4.6. Visualization of Experimental Results
Figure 14 demonstrates the model’s effectiveness in detecting hole defects, where LGR-Net identified tiny defects that YOLOv8 failed to detect, further validating the efficacy of the added P2 detection layer for small defects.
Figure 15 and
Figure 16 illustrate the model’s performance in detecting scratch and crack defects, respectively. Compared to YOLOv8, LGR-Net provided more accurate localization of these defects, highlighting the role of the CBAM in achieving precise defect localization.
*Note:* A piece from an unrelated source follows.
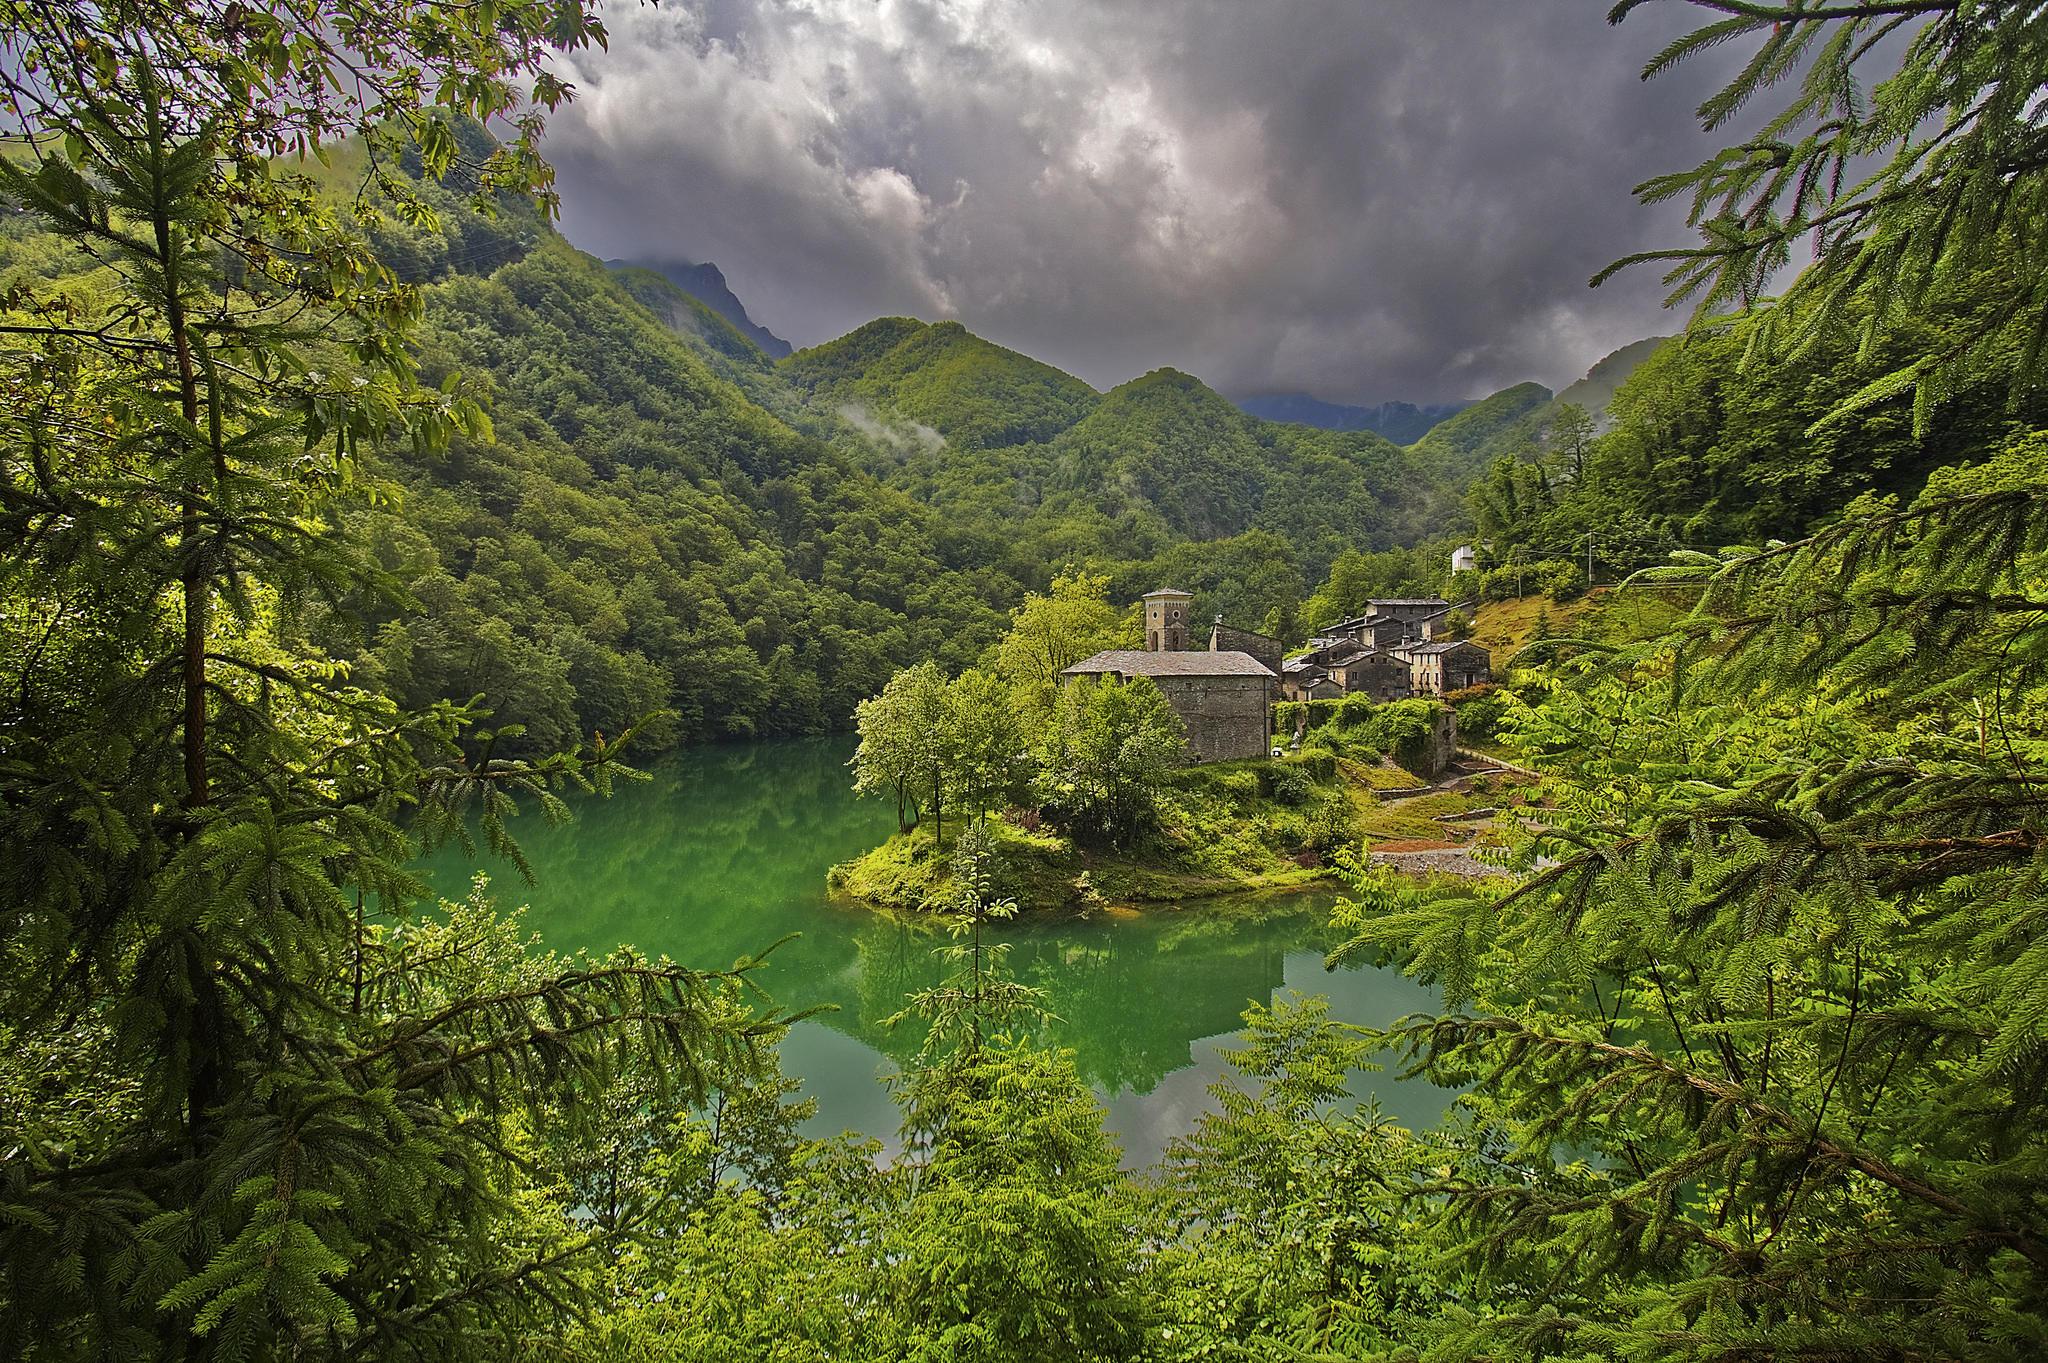 обои Lago Isola Santa, Tuscany, Italy, Озеро картинки фото

Figure 17 showcases the model’s ability to detect wear defects. Unlike other defects, wear defects exhibit less distinct features, making them challenging for YOLOv8 to identify. However, LGR-Net, leveraging the CBAM, accurately detected these defects. The visualization results clearly demonstrate the superior detection performance of the proposed LGR-Net network. Compared to the YOLOv8 algorithm, LGR-Net identified more defects with higher accuracy, provided more precise localization, and achieved significantly higher confidence levels in detection boxes. These visual results robustly validate the feasibility of the proposed LGR-Net model.
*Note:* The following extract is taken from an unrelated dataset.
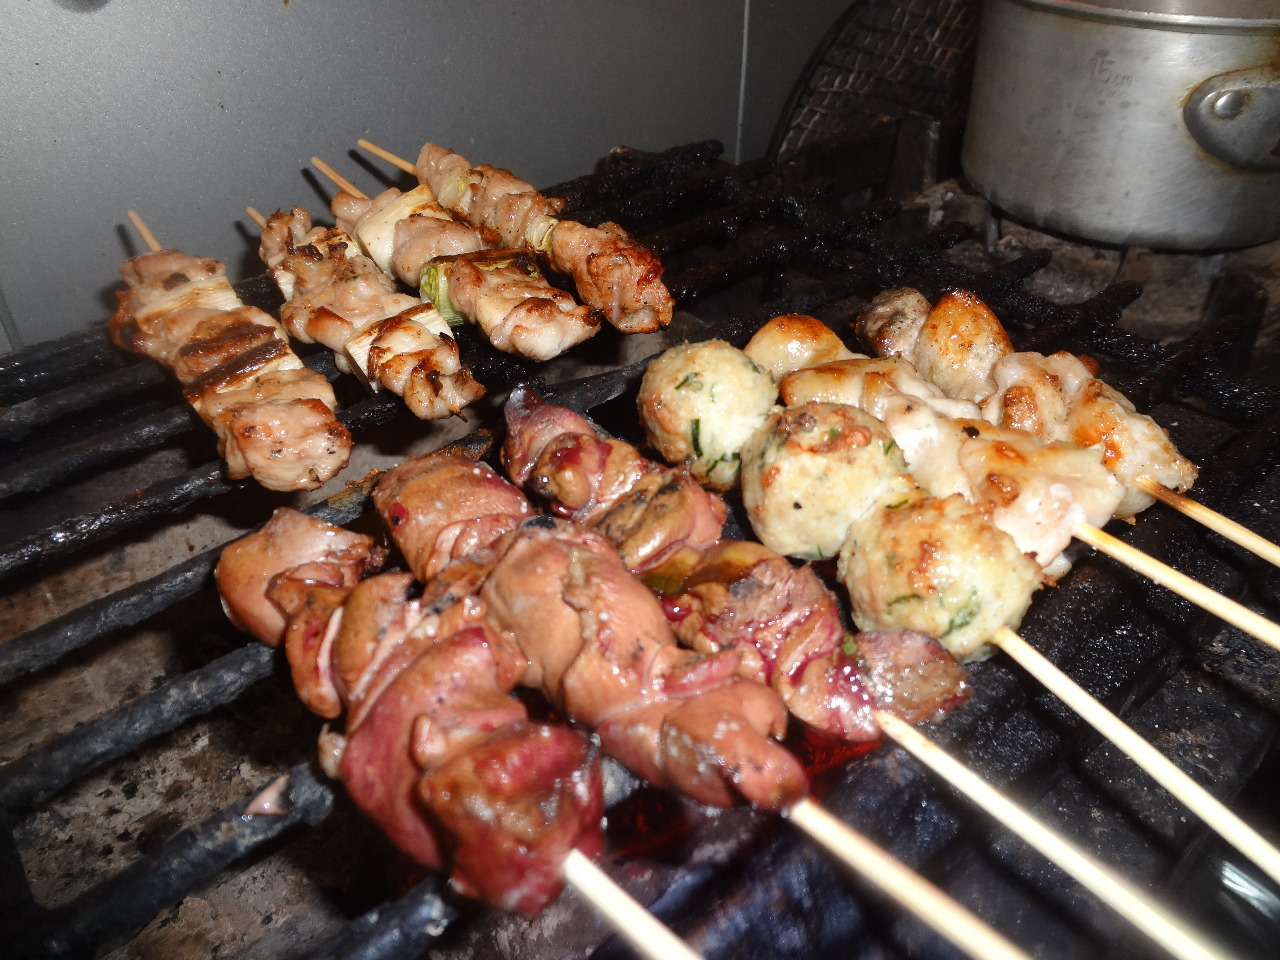 【本格炭火焼】炭火で炙る旬の食材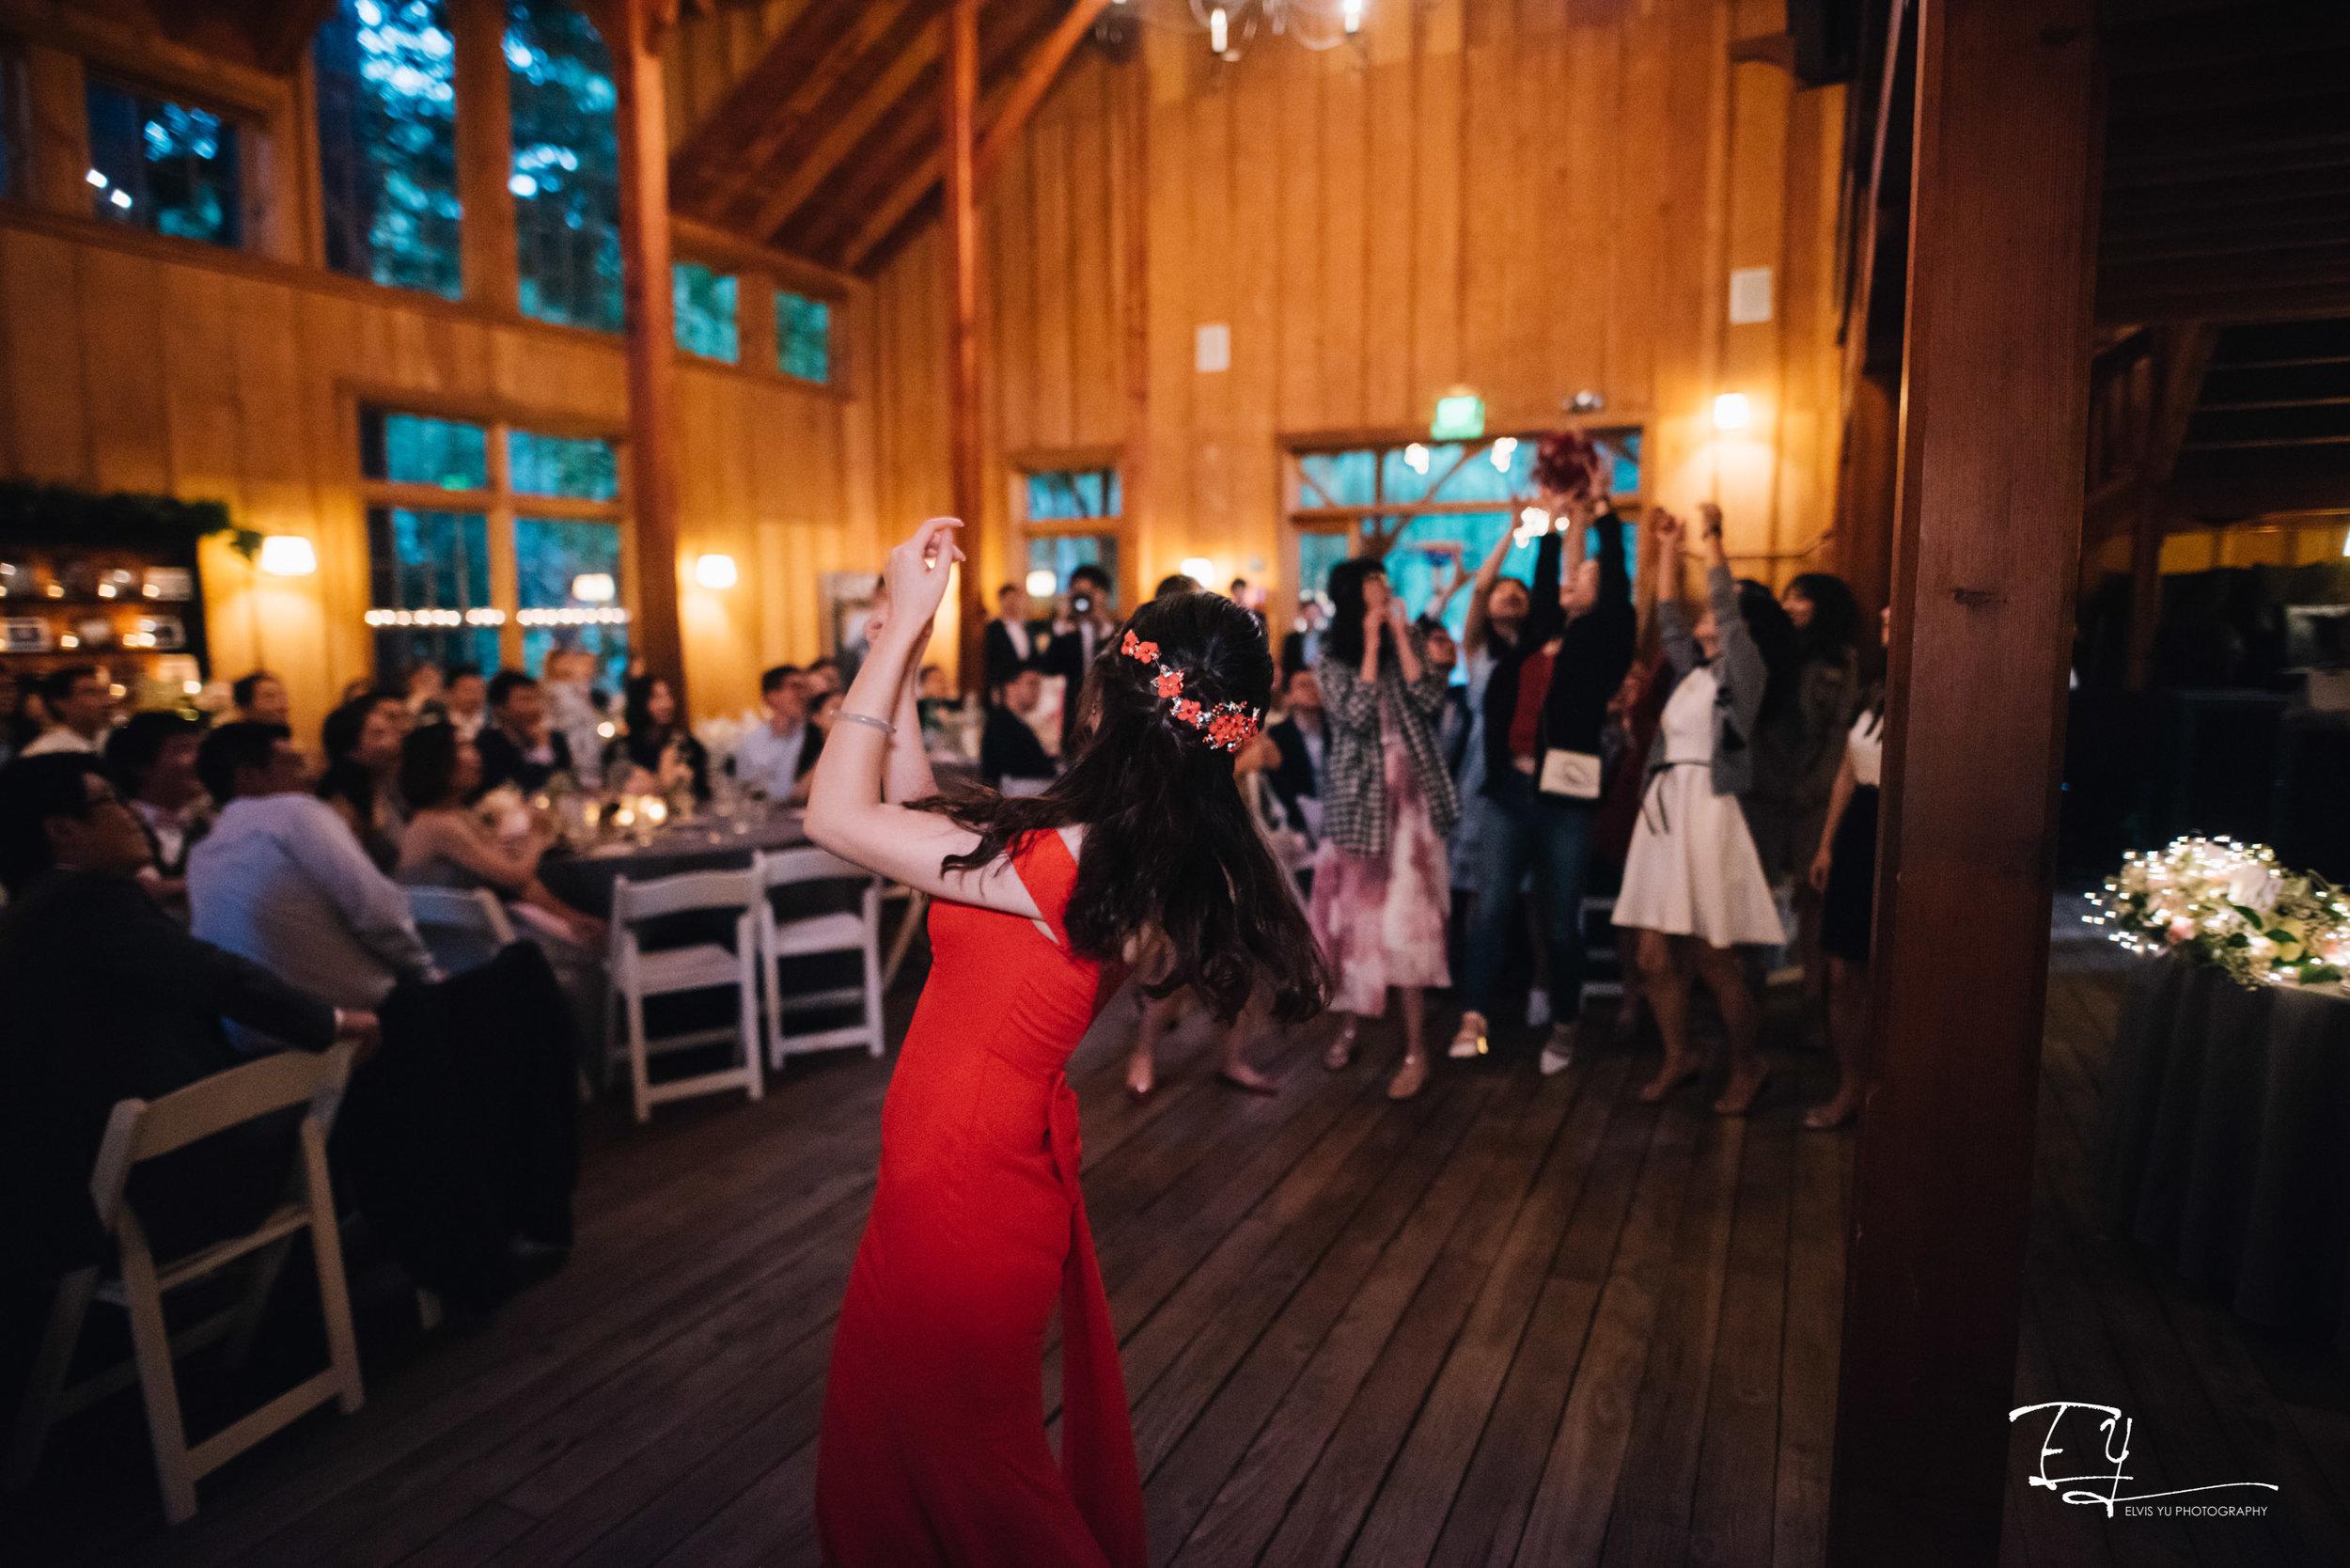 mona-zi-wedding-elvis-yu-photography-nestldown-14.jpg

4.7. Performance Analysis in Practical Applications
As shown in
Figure 18, on a low-computing-power device equipped with an Intel Core i3-6006U CPU (2.00 GHz, 4 GB RAM), LGR-Net achieved an inference speed of 124 FPS (including preprocessing and postprocessing), significantly surpassing YOLOv8n’s 86 FPS, representing a 44% improvement in inference speed. Additionally, LGR-Net’s computational complexity was 5.7 GFLOPs, which was 29.6% lower than YOLOv8n’s 8.1 GFLOPs and 3.01M parameters, demonstrating its greater deployment flexibility on resource-constrained devices. In real-world industrial scenarios, detection accuracy can be affected in environments with significant lighting variations. However, LGR-Net exhibits strong robustness against noise interference, even when Gaussian noise is added. These results indicate that LGR-Net not only operates efficiently on low-computing-power devices but also adapts well to complex industrial environments, showcasing its potential for deployment in actual production lines. This provides an efficient and cost-effective solution for industrial defect detection.
5. Conclusions
This paper proposes a lightweight rail base plate defect detection network (LGR-Net) based on YOLOv8 to address the issue of low accuracy in small target defect detection for rail base plates. The method used in this paper, which incorporates MobileNetV3 as the backbone network and optimizes the neck network using GhostConv convolutional modules, significantly reduces the parameter count of the baseline model, thereby reducing the computational overhead. After the addition of the small object detection layer and the CBAM, the network’s detection accuracy for small defects in rail base plates improved. The experimental results indicated that the final parameter count of LGR-Net was 2,412,118, which represents a 31.4% reduction compared to the original YOLOv8n. The final mAP@0.5 of the model reached 99.4%, indicating a relative improvement of 2.1%. LGR-Net maintains high detection accuracy while significantly reducing the computational cost, providing a feasible solution for the practical deployment of small defect detection in rail base plates.